## DATA BELOW
━━━━━━━━━━

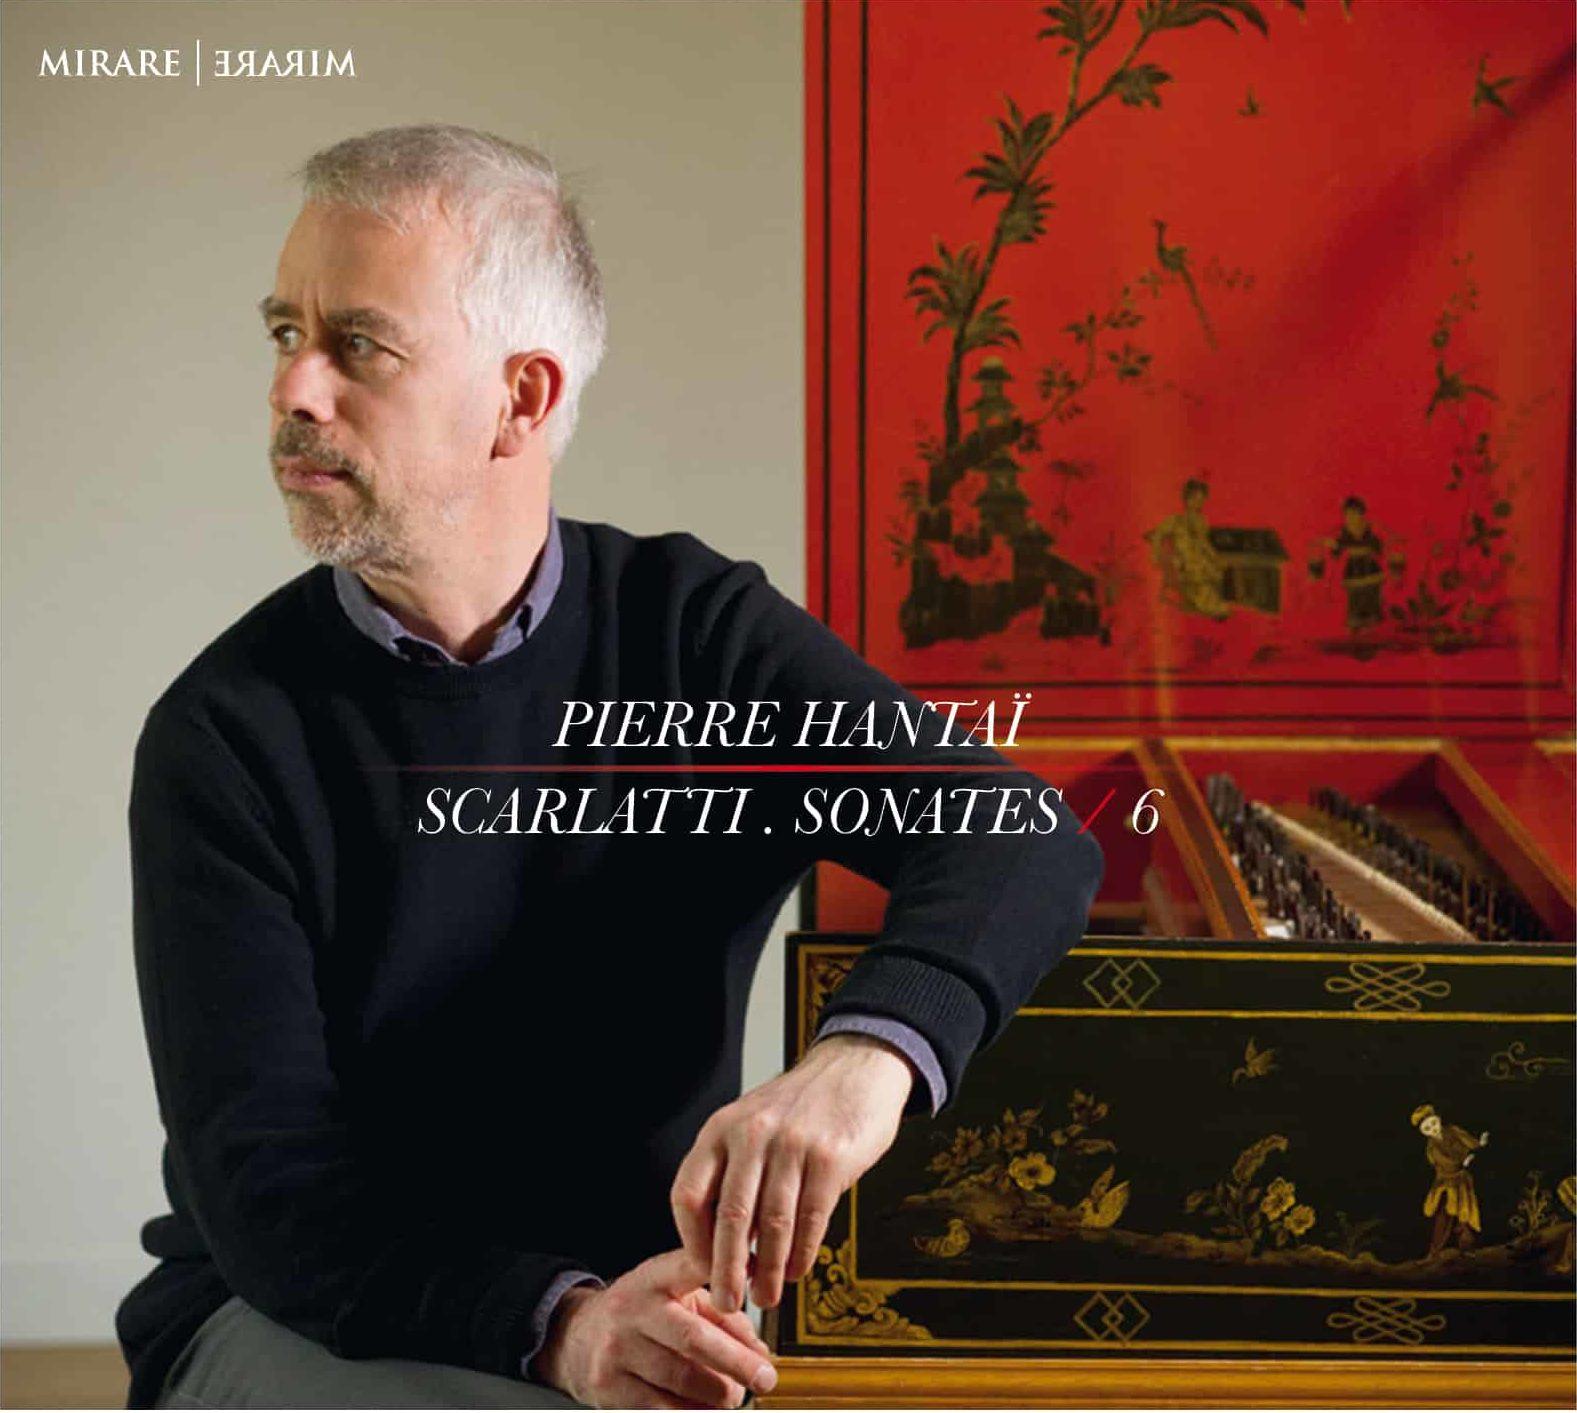 Scarlatti, Sonates / 6
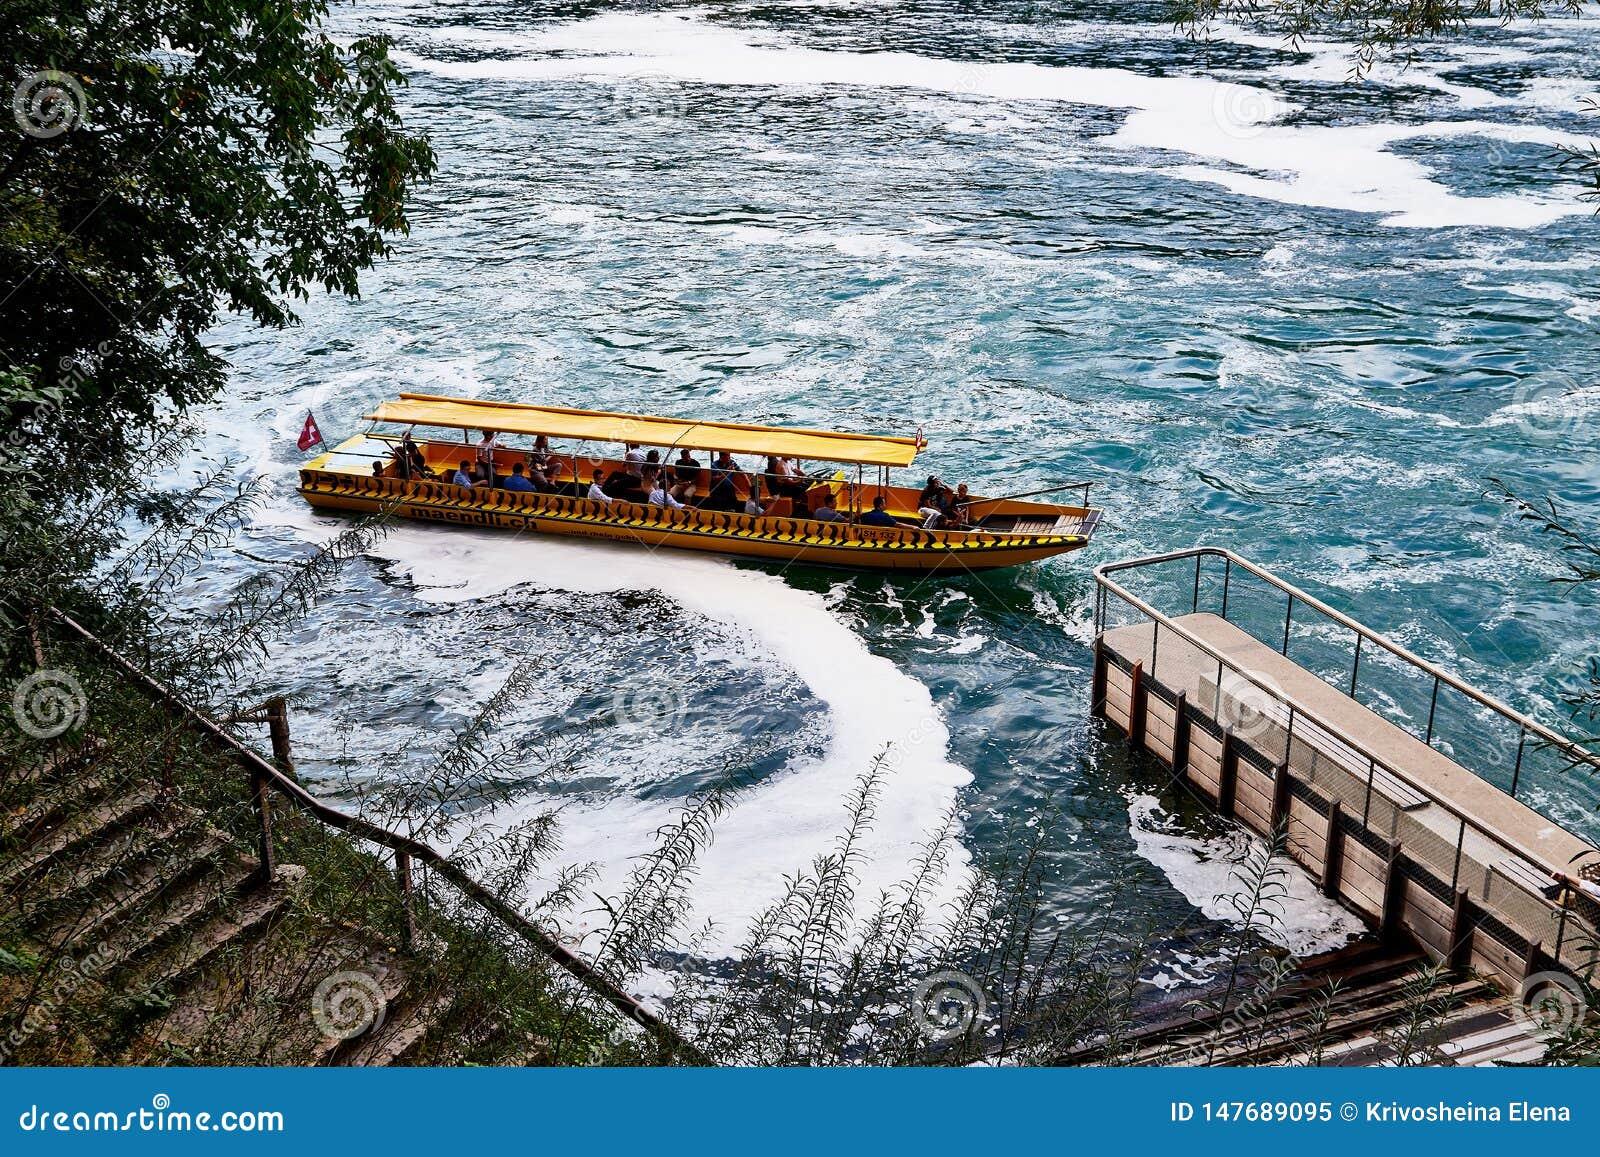 Le Rhin, Suisse - 19 septembre 2018 : Bateau de touristes sur le Rhin pr?s des chutes du Rhin en Suisse
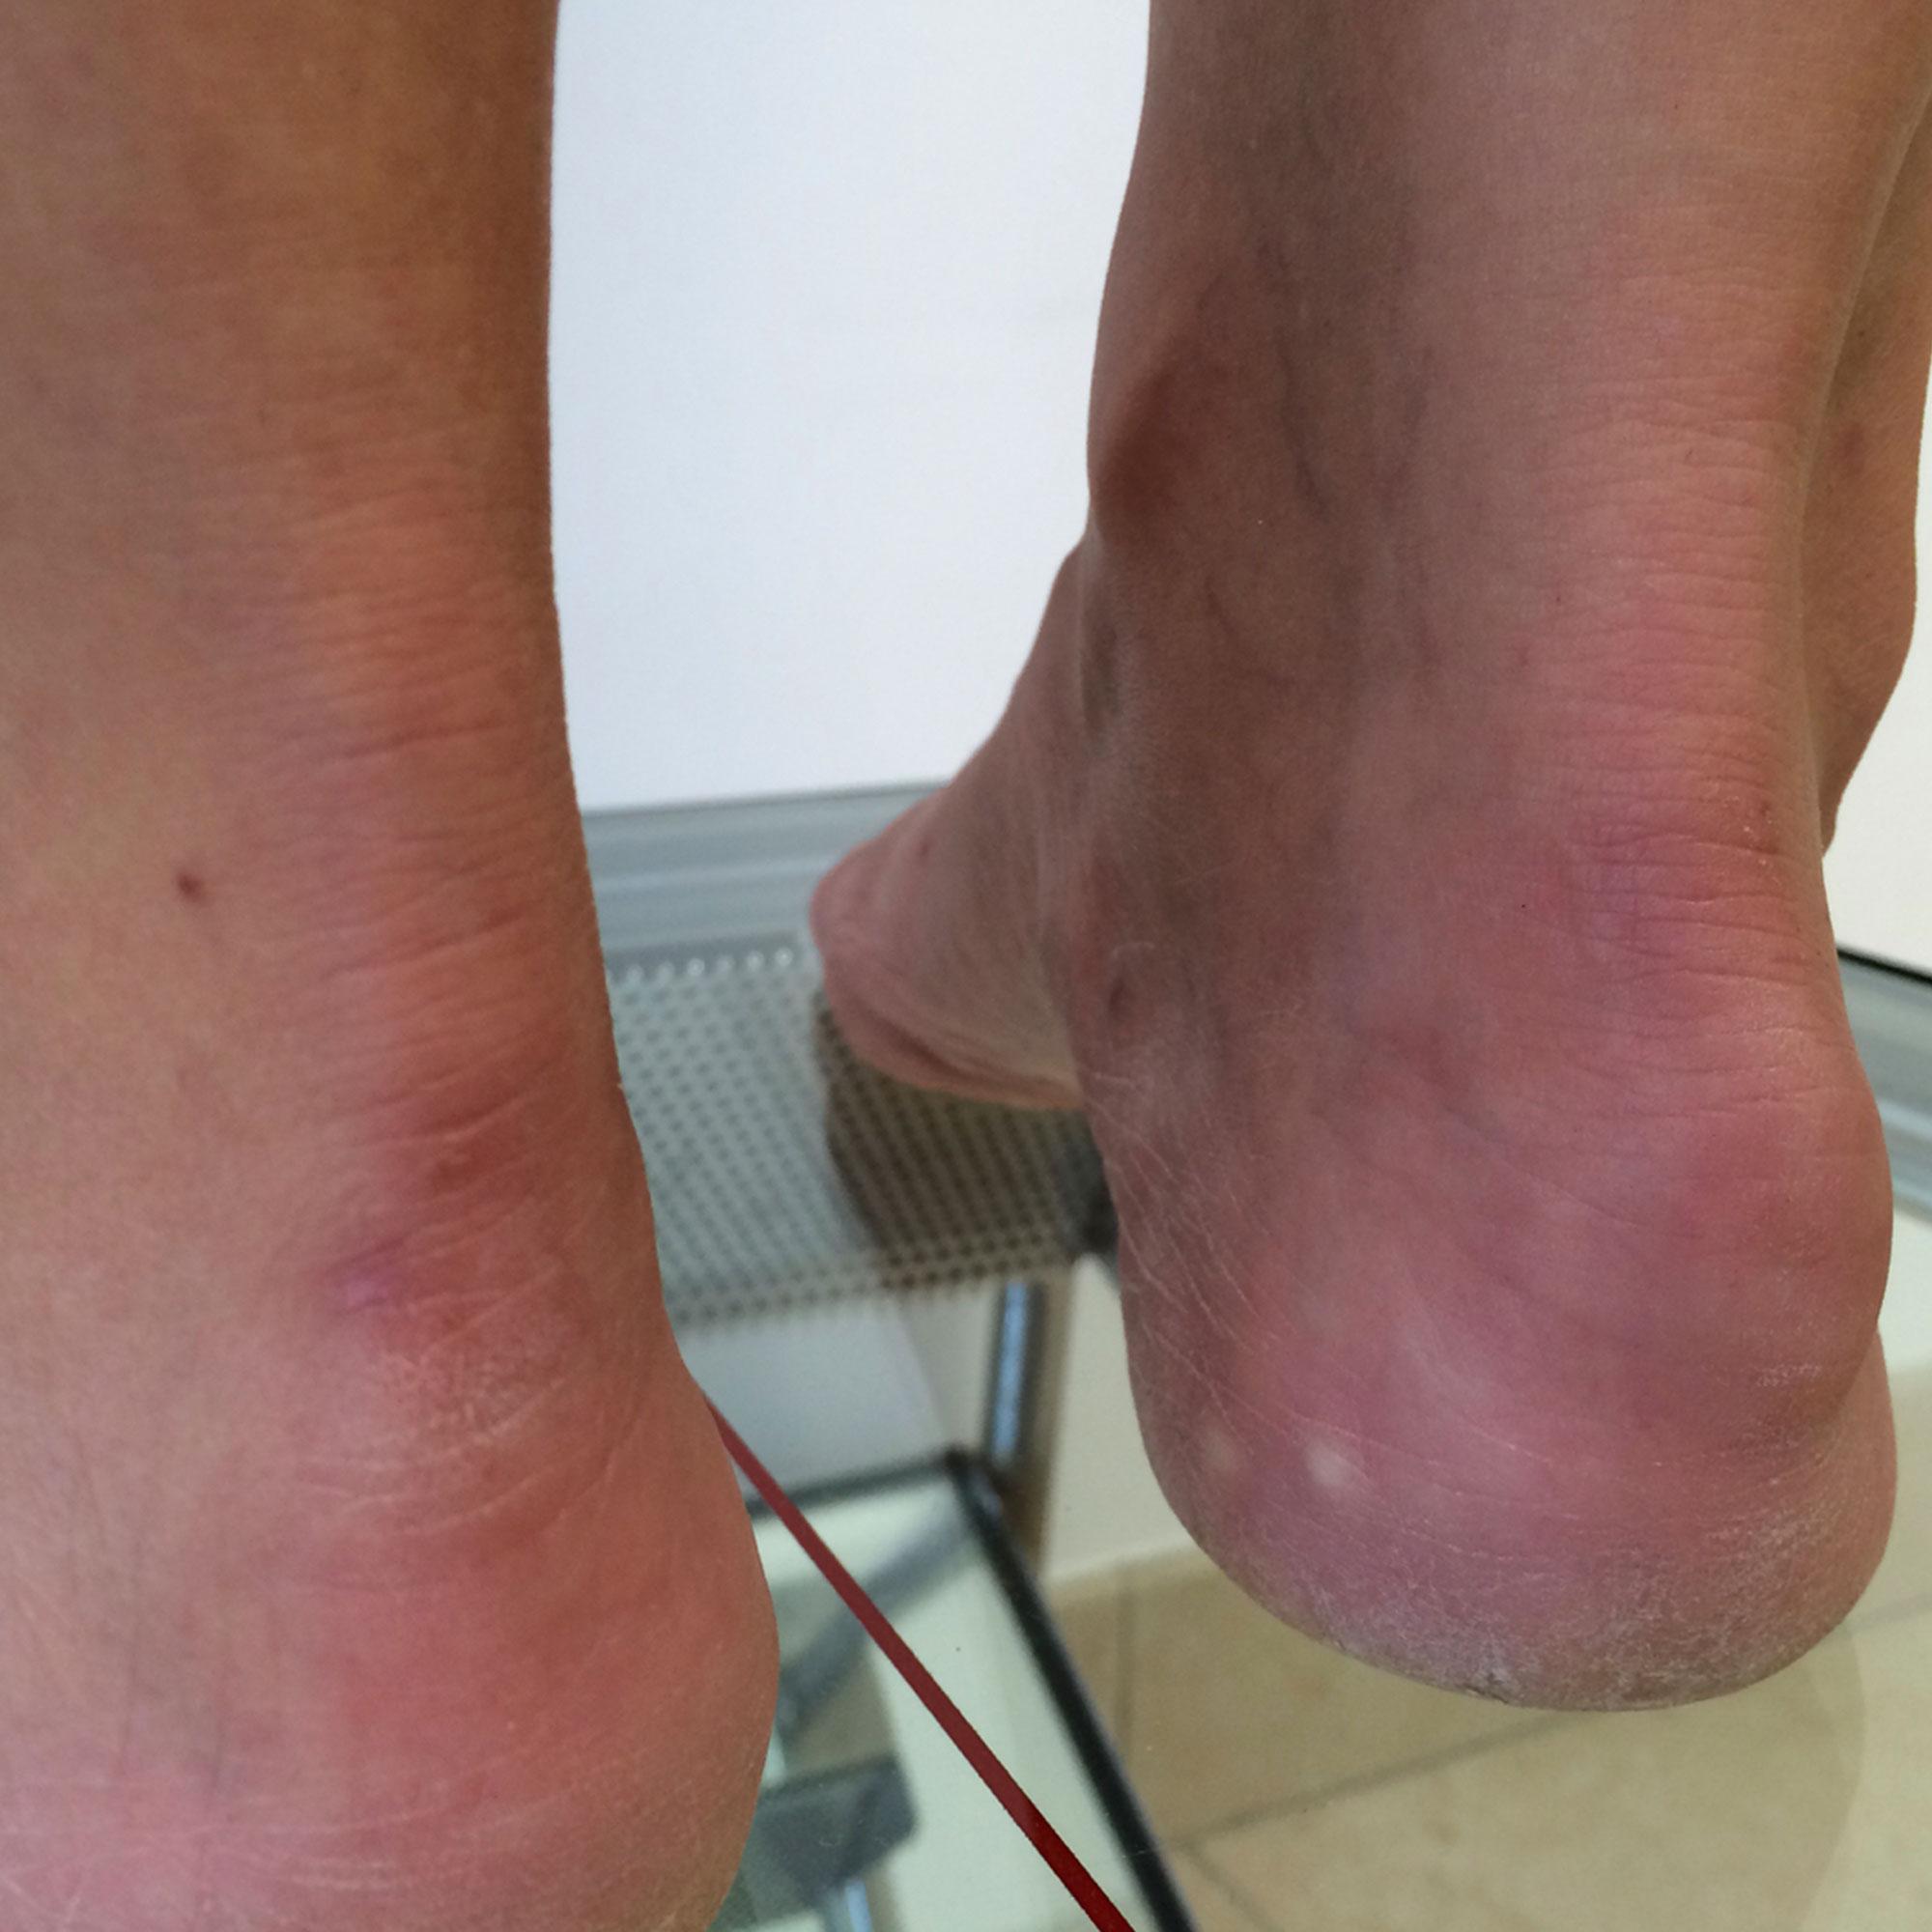 Imagen clínica de tendinitis crónica de tendón de Aquiles (Enfermedad de Haglund)

━━━━━━━━━━

## WHAT NEEDS TO BE DONE
Down to the last line, reproduce the material above exactly; skip its images.

## YOUR RESPONSE
 Scarlatti, Sonates / 6
 Le Rhin, Suisse - 19 septembre 2018 : Bateau de touristes sur le Rhin pr?s des chutes du Rhin en Suisse
 Imagen clínica de tendinitis crónica de tendón de Aquiles (Enfermedad de Haglund)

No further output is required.